Bordeaux : la lettre ouverte d'une sage-femme de la maternité de l'hôpital Pellegrin
26 novembre 2020 à 9h39 par Diane Charbonnel
Alors que le mouvement de grève se poursuit à la maternité de l'hôpital Pellegrin de Bordeaux pour demander plus de moyens et de sécurité, une sage-femme a décidé de prendre la plume pour faire part de son mal-être au travail.
Le personnel de la maternité de l’hôpital Pellegrin de Bordeaux a voté, ce jeudi matin, la poursuite du mouvement de grève illimitée lancé mardi à l’appel du syndicat Sud Santé. Sages-femmes, aides-soignants et infirmiers demandent plus de moyens et de sécurité. Des négociations avec la direction du CHU ont déjà permis d’obtenir la création de quatre postes supplémentaires au sein du service : un poste d’aide-soignante et un poste de sage-femme supplémentaires la nuit en salle de naissance, et deux postes d’auxiliaire puéricultrice. Les négociations devraient encore se poursuivre concernant, notamment la sécurité. Le personnel mobilisé demande la présence d’un agent de sécurité 24h/24 à la maternité.
C’est dans ce contexte qu’une sage-femme du service a décidé de publier une lettre ouverte à l’attention des patientes, des élus et des dirigeants des hôpitaux publics.
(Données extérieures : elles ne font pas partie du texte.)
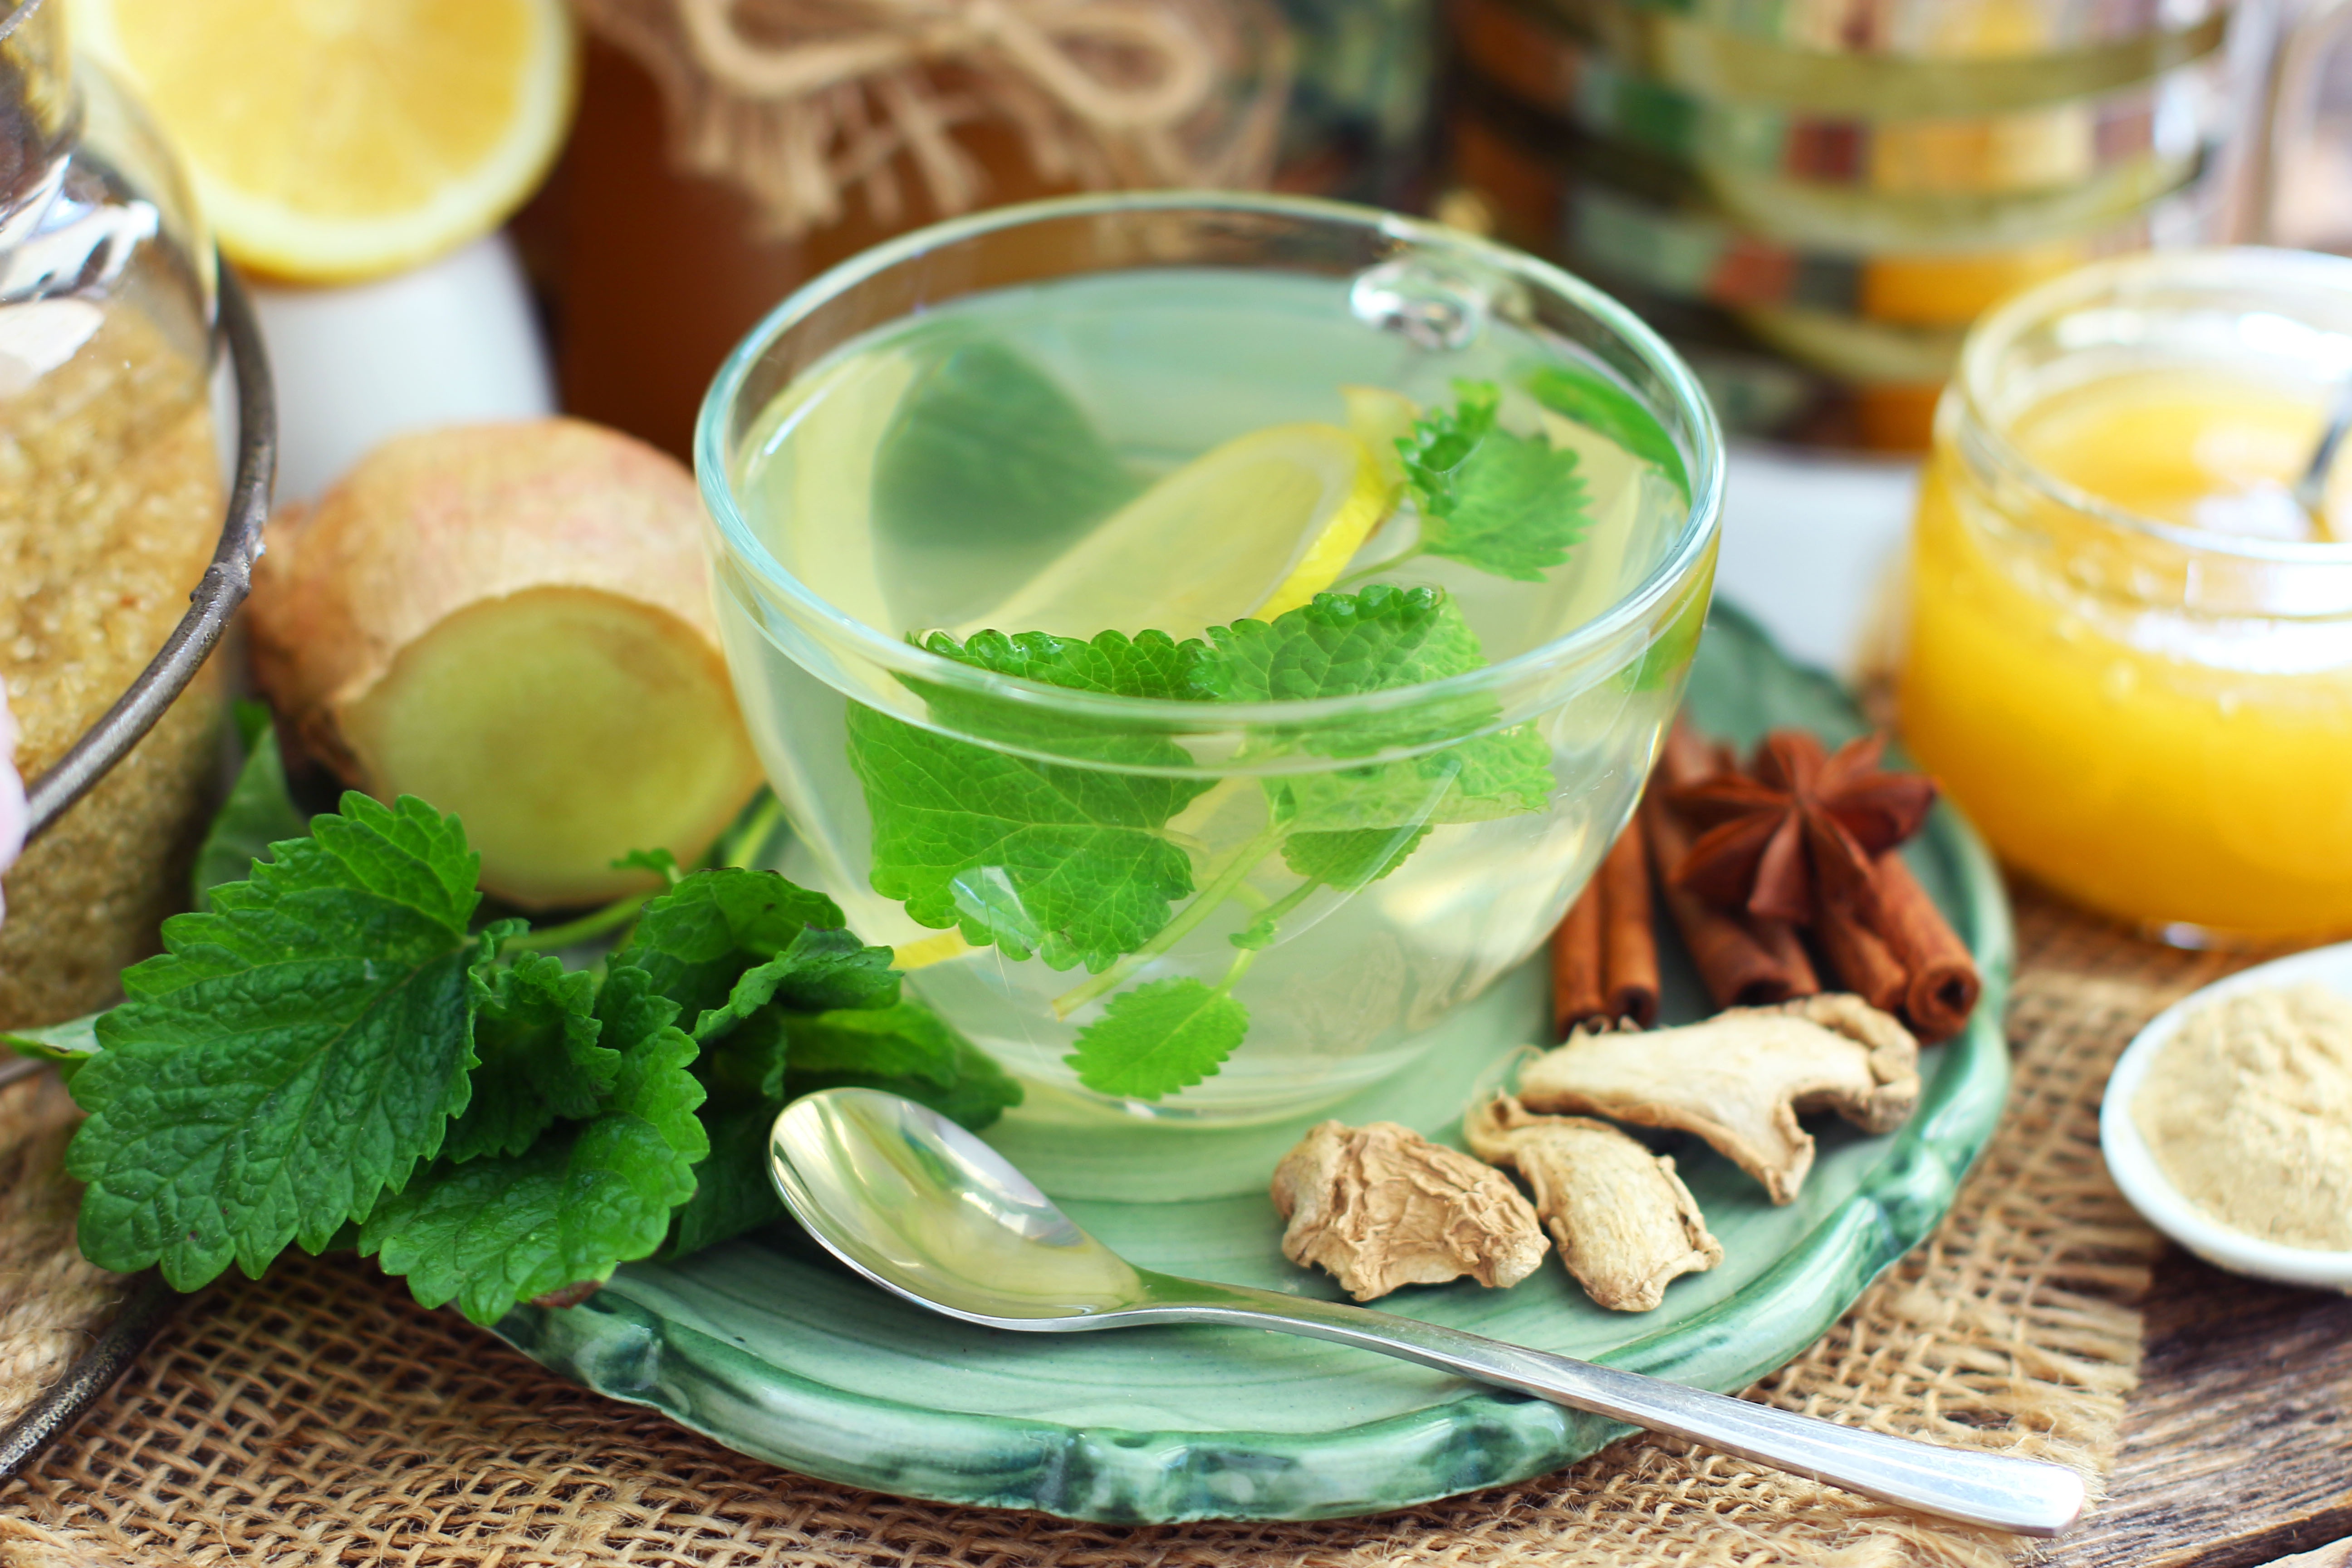 Зеленый чай лимон и мята

Elle y exprime son mal-être au travail et sa volonté de bien faire qui se heurte à un manque de temps et de moyens.
A vous Mesdames,
Que l’on aimerait accompagner sans drame
Dans ce moment si important
Qu’est de mettre au monde un enfant.
Nos chères patientes,
Que l’on prend en charge sans discrimination,
Quelles que soient votre orientation sexuelle, vos origines ou bien votre religion,
Nous vous traiterons de la même façon.
Nous essayons du mieux que l’on peut,
De vous guider dans ces moments le plus souvent heureux,
Que ce soit en consultation, en salle d’accouchement, ou en maternité,
D’être présente au maximum à vos côtés.
A vous madame qui souhaiterait accoucher sans péridurale,
Plusieurs mois à travailler sur un projet de naissance,
Ma présence vous aiderait à lutter contre ces contractions qui vous font mal,
Malheureusement, je suis occupée sur une hémorragie de la délivrance.
A cette parturiente arrivant à la maternité avec un travail déjà bien avancé,
Vous voulez une péridurale, vous nous le répétez,
Cependant le manque de place en salle de naissance vous fera accoucher aux urgences
C’est à ce moment-là, que la situation engendre un sentiment de maltraitance.
A cette maman en suites de couches, perdue et effondrée,
Qui m’appelle parce que son enfant ne fait que pleurer,
Il est 4heures du matin et je dois refuser de lui garder,
24 patientes et le même nombre de bébés, à 4 mains on ne peut pas tout gérer.
A vous, parents endeuillés,
Je suis désolée de ne pas avoir pu vous épauler comme je l’aurais souhaité.
Vous comprenez, j’ai une tonne de papiers à remplir et deux autres patientes à coté,
Les conditions dans lesquelles nous travaillons ne sont pas adaptées à votre situation.
A ma collègue, mon binôme,
Qui a eu seule, la charge lourde de vous présenter votre enfant décédé,
J’aurais préféré partager cette épreuve avec toi, ne pas te mettre en difficulté,
Enfin, tu le sais, c’est comme ça qu’on peut bosser à la maternité.
A mes collègues fatiguées, dépitées,
De voir un système de santé s’effondrer.
Les plus anciennes voient l’évolution désastreuses,
C’est bien triste de n’être plus que des accoucheuses.
A trop donner, on finit par s’oublier,
Alors beaucoup décident de nous quitter,
Dégoûtées du manque de reconnaissance et de considération,
Nous leur dirons bientôt adieu pour de bon.
Moi, je suis une jeune diplômée,
J’ai encore espoir que les choses changent,
Alors malgré un salaire qui me dérange,
Je vais me lever pour essayer de les faire bouger.
Je vais tout faire pour limiter la casse,
Mais sur cette garde, trop vite le temps passe.
J’essaie de faire face, de tenir bon,
Car mon métier je ne peux le faire qu’avec passion.
Alors je continuerai de bien travailler,
Vous accompagnez pour la naissance de vos bébés,
Mais sachez que notre maternité est à l’agonie,
N’ayez crainte, notre combat n’est pas fini.
A vous, élus et dirigeants de l’hôpital public,
Donnez-nous les clés pour mieux avancer, il faut vraiment nous aider,
On sait que tout ça a un prix,
Mais il est temps d’arrêter de nous mettre nous et nos patientes en danger.
Lettre ouverte d’une sage-femme encore passionnée par son métier.